This text on survival analysis provides a straightforward and easy-to-follow introduction to the main concepts and techniques of the subject. It is based on numerous courses given by the author to students and researchers in the health sciences and is written with such readers in mind. Throughout, there is an emphasis on presenting each new topic motivated with real examples of a survival analysis investigation, and then presenting thorough analyses of real data sets. Each chapter concludes with practice exercises to help readers reinforce their understanding of the concepts covered in the chapter. Readers can then extend their knowledge with a more thoroughgoing test. Answers to both are included. Beginning with the basic concepts of survival analysis-time to an event as a variable, censored data, and the hazard function-the author then introduces the Kaplan-Meier survival curves, the log-rank test, the Peto test, and the most widely used technique in survival analysis, the Cox proportional hazards model. Later chapters cover techniques for evaluating the proportional hazards assumptions, the stratified Cox procedure, and extending the Cox model to time-dependent variables. Readers will enjoy David Kleinbaum's style of presentation with numerous figures and diagrams illustrating each idea. As a result, this text makes an excellent introduction for all those coming to the subject for the first time.
Excellent intro book! I actually re-read several chapters multiple times, since it's great for testing if you actually understand and can extrapolate the formulations to other settings, not described in the book. It's also highly recommended if you are looking for a mostly jargon-free text that you can reference for explaining survival analysis concepts to interdisciplinary groups.

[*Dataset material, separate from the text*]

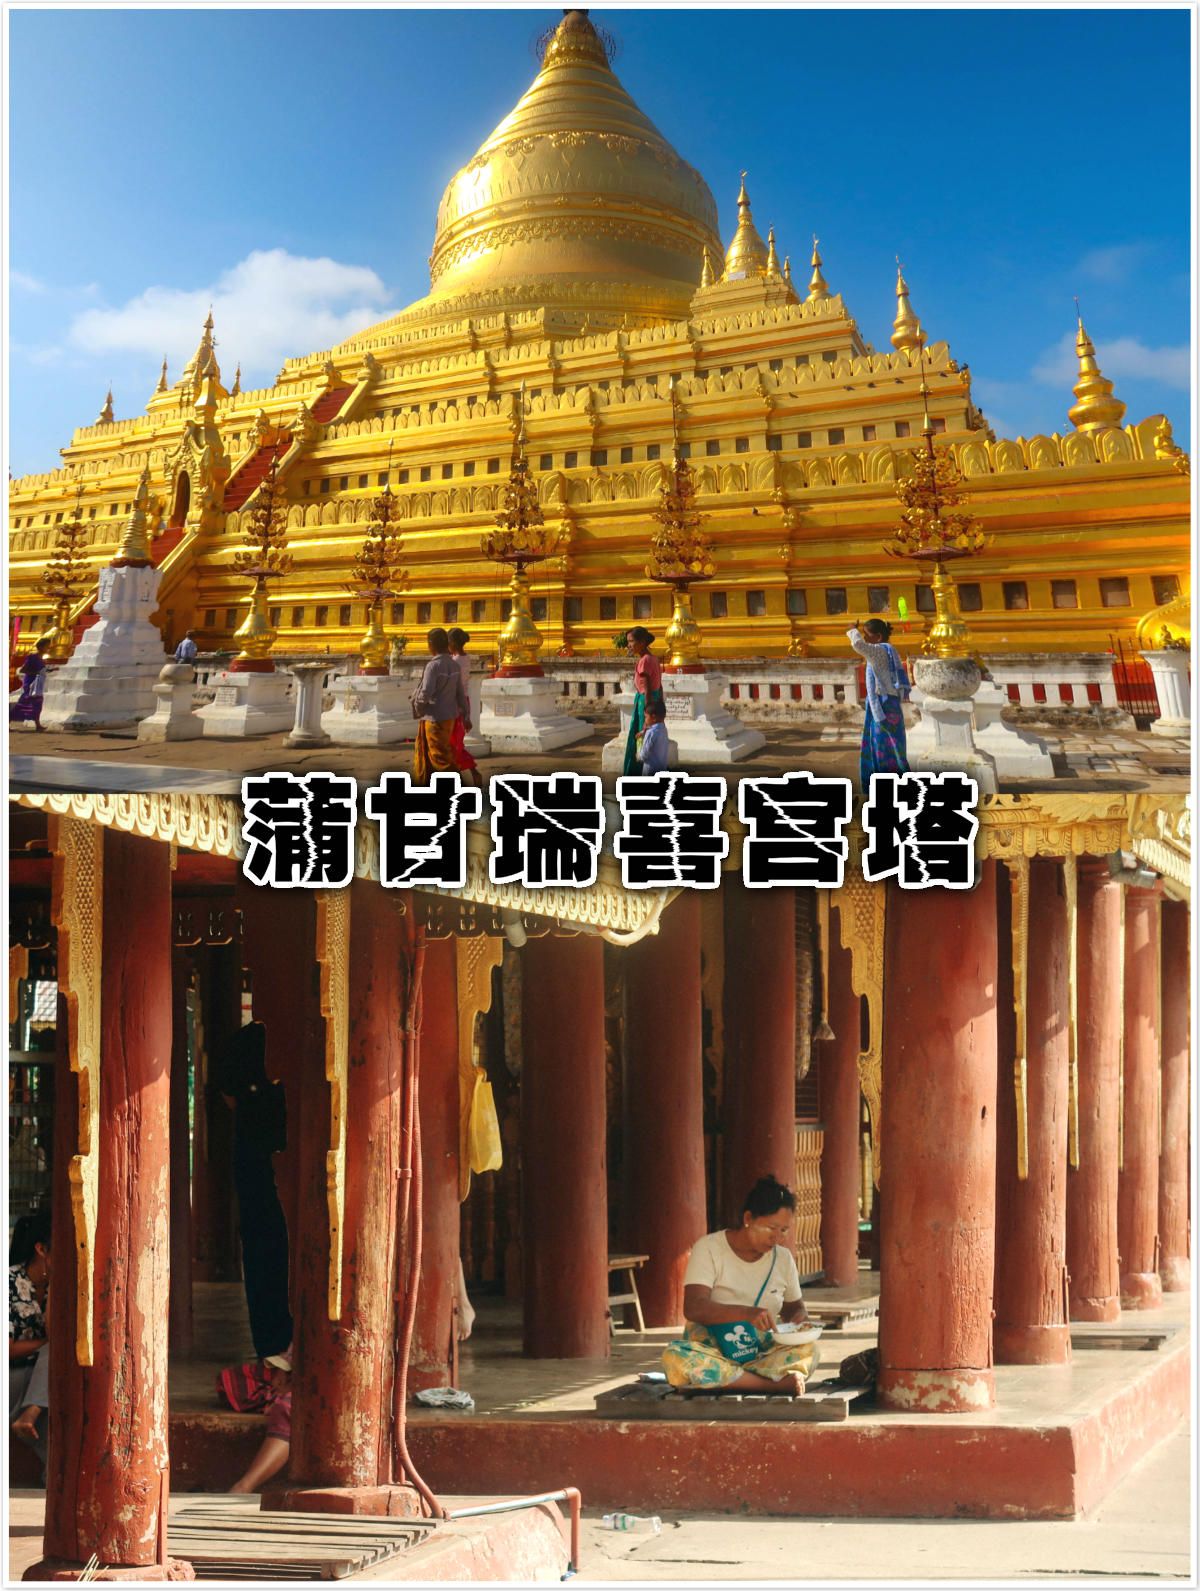 瑞喜宫塔是缅甸建国以来最早的佛塔之一，整个佛塔的建筑十分具有缅甸当地的特色，佛塔周边有八角形平台连接

If you are looking for an easy to use and understand book on survival analysis basics, I recommend this. The "walk you through it with examples and highlighted key terms" approach is unique among textbooks and make it a go to book for me (I'm an epidemiologist). I appreciate the book's candid discussions on the mathematical assumptions of the models, as well as the many examples of SAS and Stata code. If you have a unique data problem or question (or are a statistician), you may find this doesn't go in depth enough. However, understanding the concepts reviewed in this book will give you a huge leg up professionally--and let you understand just how many people use survival modeling but really know little about it. ;)
Standard regression methods will not work for events that are censored (observation partially known), hence survival analysis.
I asked around for where to start on the subject, and I was invariably led to this text. Drs Kleinbaum and Klein delivered on this. Starting from the general introduction to the subject, Kaplan-Meier estimates, Log-rank tests, Nelson-Aalen estimates, RMST, Cox models, etcetera.
I worked through several sections on the text, aided by Python's lifelines package, and it was 👌🏿.